The group is also still looking at what this might be able to offer in the later-stage setting, having had approval now to proactively apply SBRT, as opposed to the palliative radiation that they first looked at by happenstance, in a few other metastatic breast cancer subjects.
In this vein, Boniface said, the hypothetical utility of RAMP-seq would be to induce the release of a more representative, more heterogeneous population of ctDNA into circulation. This is based on the team's observation that despite only one tumor site being irradiated, DNA representing clonal populations from other distant sites also went up in the blood of that first observed patient.

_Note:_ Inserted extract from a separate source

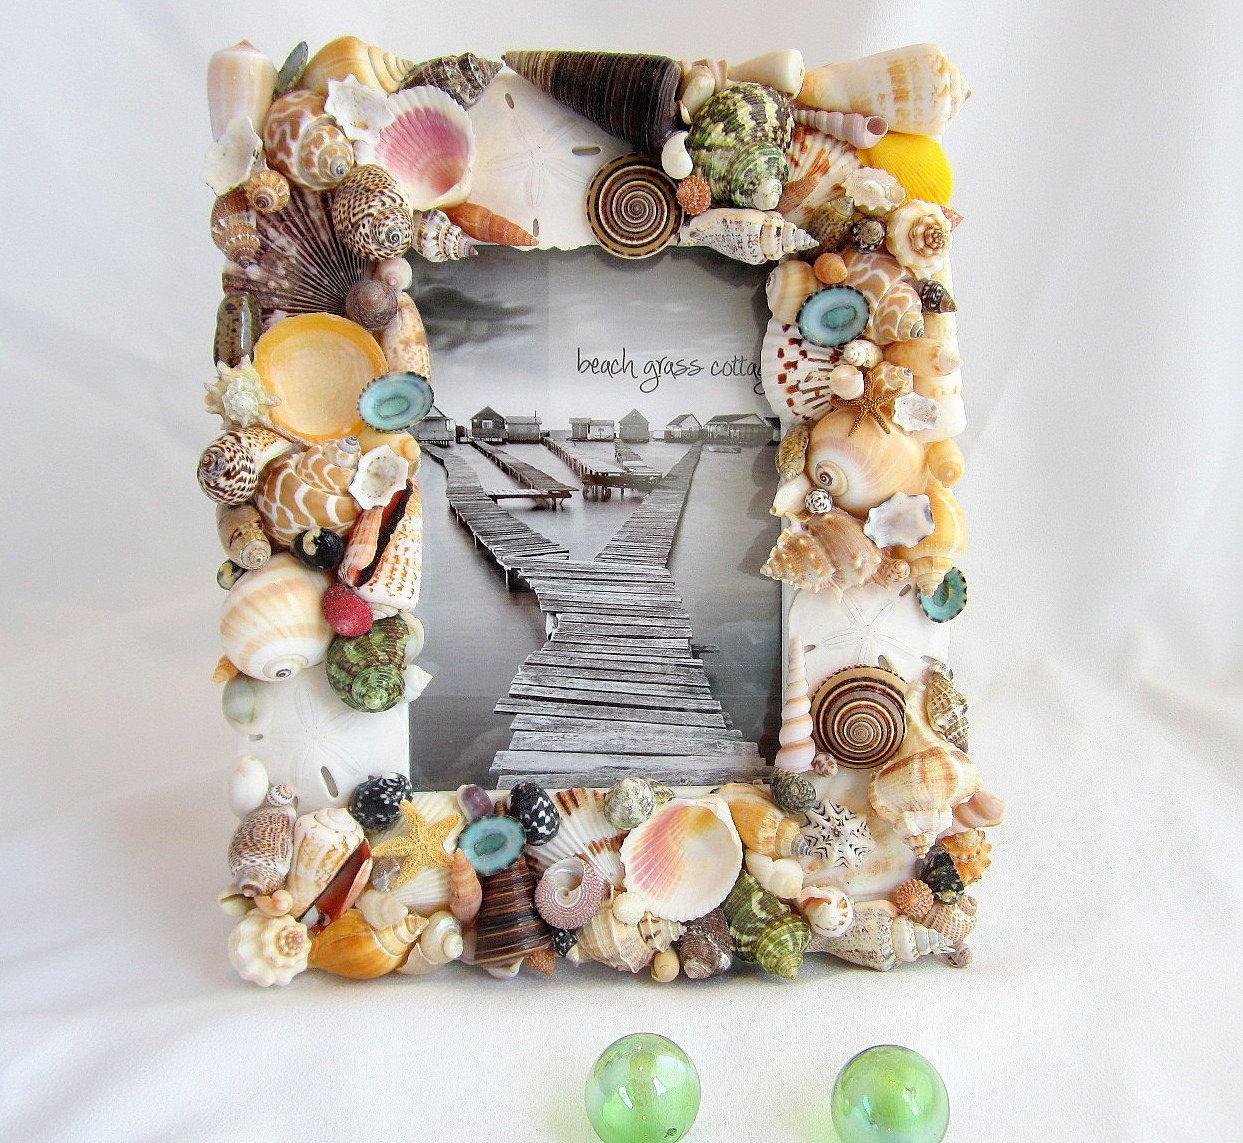 Beach Decor Seashell Frame Nautical Decor Colored Shell Picture Frame Coastal Decor Beach Wedding Gift Beach Wedding Frame 8x10 Seashell Frame Beach Wedding Gifts Sea Shells

"Back in the 50s, somebody observed this thing called the abscopal effect … [which is] basically that when you hit one tumor with radiation you see a response in distal tumors as well. It's thought to be mediated through some sort of immune response, so if you're triggering antigens from one tumor, then the immune system gets trained and then goes out to similar signatures and the other tumor. But [regardless of the mechanism] we think we are essentially observing the same thing," Boniface said.
In the nearer term, he and his colleagues are now focused on extending beyond the eight patients that he reported on at the meeting. They are also hoping to be able to obtain biopsies and sequence-matched tumor tissue from at least some individuals to evaluate how their de novo ctDNA mutation calls compare.
"This is something that the field has been tackling for a while [and] something I've been personally trying to get my head around … [that] there isn't really a good gold standard," Boniface said. "But obviously when we get the biopsy we'll be able to confirm that the mutations we did call were real."
He added that the group's sequencing approach has been well tested across other cohorts, and the team is confident that its "fairly robust."
"We can confidently say [from testing] patients where we already know the mutations that they should have … that we catch about 80 to 95 percent of what we knew was there," he added.
Hopefully the study will also be able to shed some light on basic questions about the sources of cell-free DNA. Boniface said the team plans to try to tackle this using size profiling and potentially also epigenetic and fragmentomic tissue of origin methods.